[PROBLEM DESCRIPTION]
What appears from the first line of the records below through the line containing "LG Front Load" must be reproduced verbatim.

[DATA FOR THIS EXERCISE]
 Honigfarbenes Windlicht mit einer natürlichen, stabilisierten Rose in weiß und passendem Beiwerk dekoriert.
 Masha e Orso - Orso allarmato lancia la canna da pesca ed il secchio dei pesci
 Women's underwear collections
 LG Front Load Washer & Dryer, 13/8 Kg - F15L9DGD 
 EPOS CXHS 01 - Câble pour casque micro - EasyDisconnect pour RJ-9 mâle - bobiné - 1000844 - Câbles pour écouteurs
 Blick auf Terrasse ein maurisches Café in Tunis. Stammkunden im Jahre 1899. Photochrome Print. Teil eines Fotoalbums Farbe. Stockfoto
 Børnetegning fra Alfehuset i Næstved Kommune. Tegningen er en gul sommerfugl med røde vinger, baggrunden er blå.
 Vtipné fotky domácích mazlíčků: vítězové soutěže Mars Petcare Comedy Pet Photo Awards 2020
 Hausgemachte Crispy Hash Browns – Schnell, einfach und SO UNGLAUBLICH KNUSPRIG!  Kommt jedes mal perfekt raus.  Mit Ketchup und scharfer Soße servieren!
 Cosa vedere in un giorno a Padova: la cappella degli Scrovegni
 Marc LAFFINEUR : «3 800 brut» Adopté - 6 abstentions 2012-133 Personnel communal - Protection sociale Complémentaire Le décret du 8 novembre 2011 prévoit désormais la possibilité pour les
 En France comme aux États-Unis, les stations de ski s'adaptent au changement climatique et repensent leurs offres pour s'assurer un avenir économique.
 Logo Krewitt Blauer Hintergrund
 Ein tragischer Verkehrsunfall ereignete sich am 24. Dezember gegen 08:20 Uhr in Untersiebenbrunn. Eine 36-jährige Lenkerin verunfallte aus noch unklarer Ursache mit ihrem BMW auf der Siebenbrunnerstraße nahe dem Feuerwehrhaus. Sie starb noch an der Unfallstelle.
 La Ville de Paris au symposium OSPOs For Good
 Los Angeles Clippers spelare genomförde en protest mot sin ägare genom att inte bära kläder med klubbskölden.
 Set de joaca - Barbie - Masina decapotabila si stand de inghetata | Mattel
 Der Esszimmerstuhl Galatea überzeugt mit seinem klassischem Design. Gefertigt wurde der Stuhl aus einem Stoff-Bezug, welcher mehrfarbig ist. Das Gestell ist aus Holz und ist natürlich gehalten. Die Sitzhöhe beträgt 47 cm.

[WRITTEN SOLUTION]
 Honigfarbenes Windlicht mit einer natürlichen, stabilisierten Rose in weiß und passendem Beiwerk dekoriert.
 Masha e Orso - Orso allarmato lancia la canna da pesca ed il secchio dei pesci
 Women's underwear collections
 LG Front Load Washer & Dryer, 13/8 Kg - F15L9DGD 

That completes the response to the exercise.